Embora os cães sejam os ESA mais comuns, a decisão também abrange animais exóticos – cobras, ratos e até porcos – eliminando a obrigação das companhias aéreas de os acomodar. As companhias aéreas agora podem cobrar a taxa padrão para animais de estimação, que normalmente começa em US$ 125 por trecho, e podem exigir o uso da transportadora para qualquer ESA.

A psicóloga Tanisha Ranger observa que “as evidências que apoiam os benefícios calmantes dos AEEs para pessoas com doenças mentais são robustas”. Ela destaca como as ESAs reduzem o stress, atenuam o isolamento e proporcionam uma sensação de segurança para aqueles que lidam com PTSD.

Ashley Jacobs, CEO da Sitting for a Cause, compartilha sua experiência:“Minha golden retriever, Diamond, me ajuda a manter a calma durante os procedimentos de flebotomia, mas eu não a levo em aviões porque ela pesa 30 quilos e o ambiente desconhecido pode causar ansiedade”. A decisão de Jacobs reflete uma preocupação mais ampla com espaço e segurança para outros passageiros.

Preocupações com fraude e segurança da ESA


Ao contrário dos cães de serviço, que a lei federal protege em alojamentos públicos, os ESAs historicamente receberam direitos legais limitados:acomodação razoável em alojamentos onde não existem animais de estimação e a capacidade de acompanhar os proprietários na cabine sem transportadora ou taxa. Muitos viajantes começaram a classificar animais de estimação como ESAs para evitar a taxa de animais de estimação, uma prática que o DOT pretendia coibir.

Ranger alerta sobre fraude generalizada:“Uma rápida pesquisa no Google revela vários sites que oferecem cartas, etiquetas e coletes médicos ilegítimos”. Animais não treinados podem representar riscos; por exemplo, um cão de 30 quilos num voo da Delta em junho de 2017 mordeu um passageiro, necessitando de hospitalização.

Chris Diefenthaler, diretor executivo da Assistance Dogs International, explica o dilema:“Discriminar entre cães de serviço treinados e ESAs não treinados pode expor os viajantes com deficiência a perigos inesperados”.

Embora 23 estados tenham estatutos que proíbem a rotulagem incorreta de animais de estimação como animais de serviço, a fiscalização é dificultada pelas restrições da ADA ao questionamento dos donos de animais de estimação.
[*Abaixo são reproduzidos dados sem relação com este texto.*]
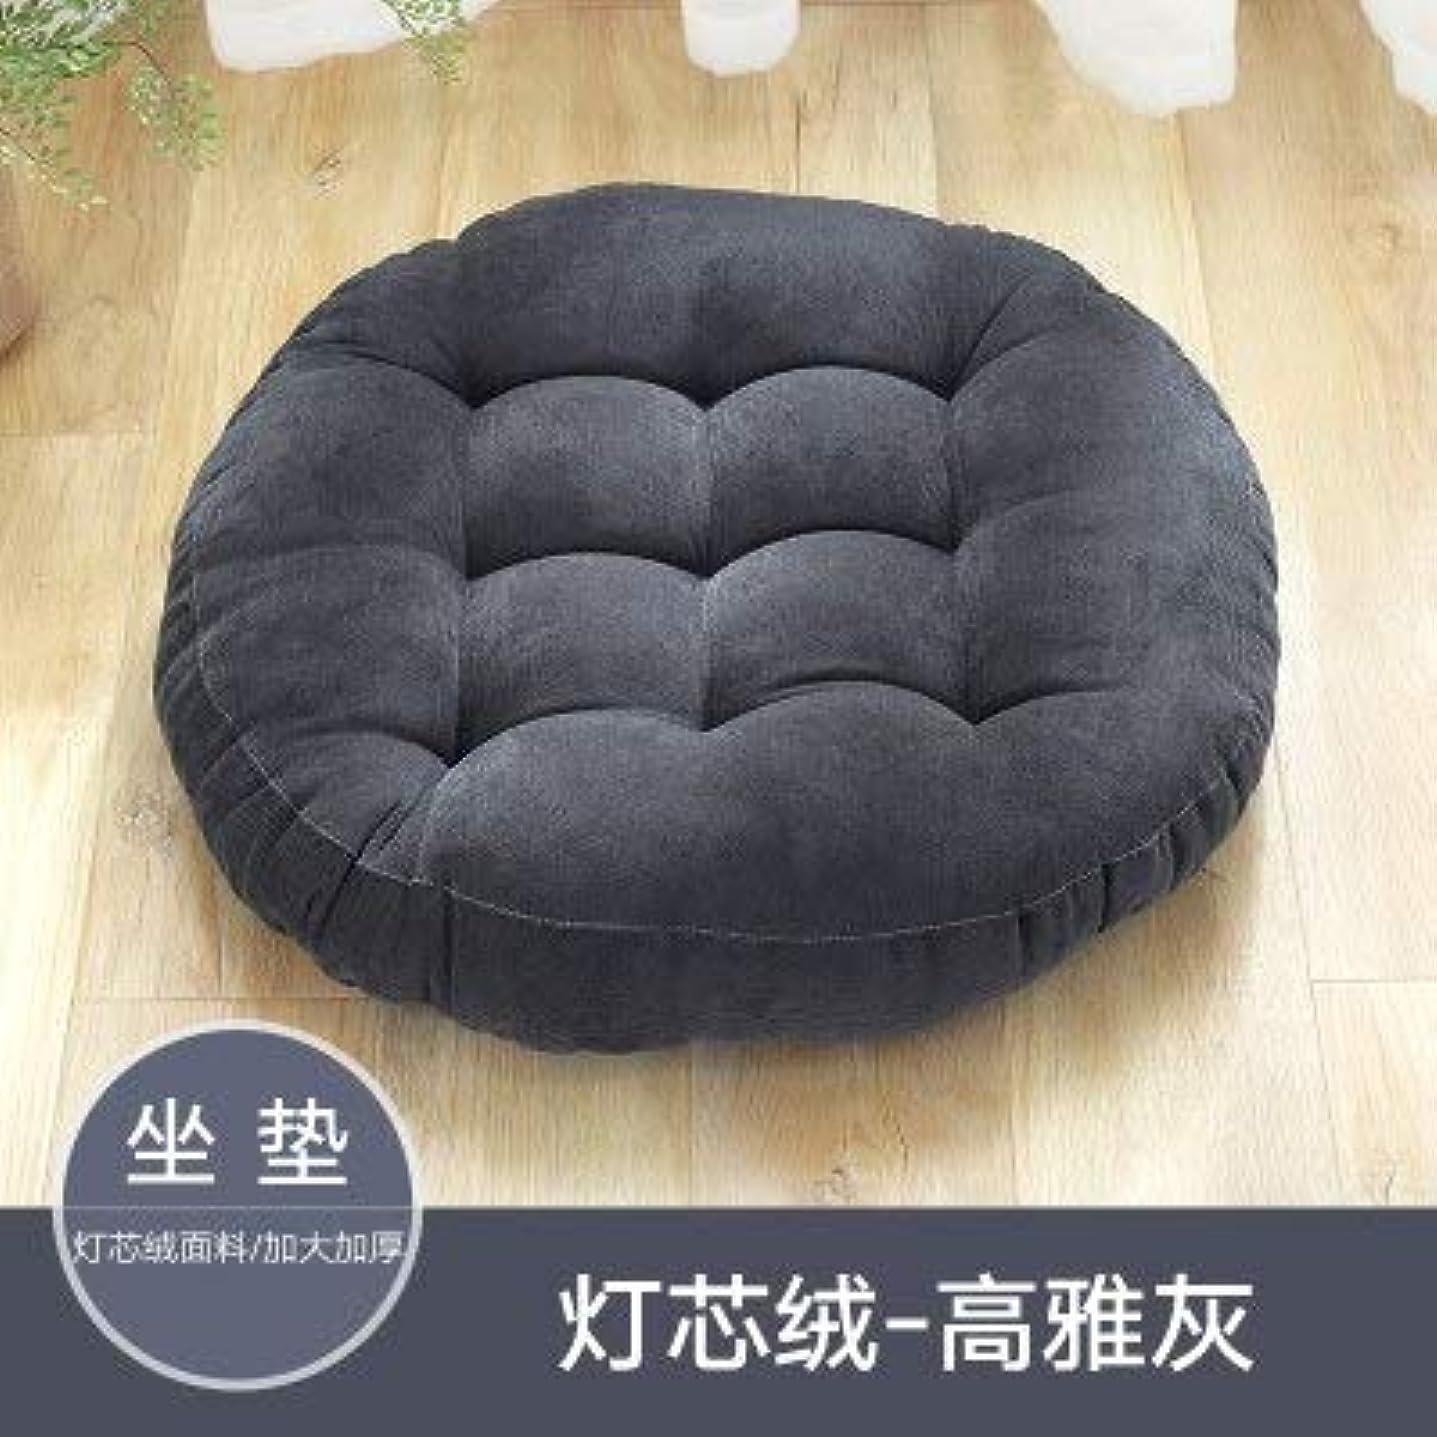 自我出くわす素晴らしきLIFE ラウンド厚い椅子のクッションフロアマットレスシートパッドソフトホームオフィスチェアクッションマットソフトスロー枕最高品質の床クッション クッション 椅子

A ausência de um registo nacional complica ainda mais a verificação.

A advogada de saúde Erin Jackson, que enfrentou hostilidade enquanto viajava com o seu terrier da ESA, observa que “a proliferação de coletes da ESA e fraudes de registo corrói a compreensão pública dos ESA legítimos”. Ela enfatiza a importância de uma identificação clara para distinguir os animais terapêuticos dos animais de estimação comuns.

Grupos de companhias aéreas saudaram a decisão do DOT, que entrou em vigor 30 dias após a publicação. A decisão permite que as transportadoras solicitem documentação de saúde, treinamento e comportamento para ESAs. No entanto, as companhias aéreas já não podem recusar um animal de serviço apenas por motivos de raça – a Delta já havia proibido pit bulls – nem podem exigir um check-in físico no aeroporto; o check‑in online permanece disponível.

No geral, a decisão procura equilibrar as necessidades legítimas dos proprietários da ESA com a segurança e o conforto de todos os passageiros, ao mesmo tempo que restringe o abuso e a deturpação.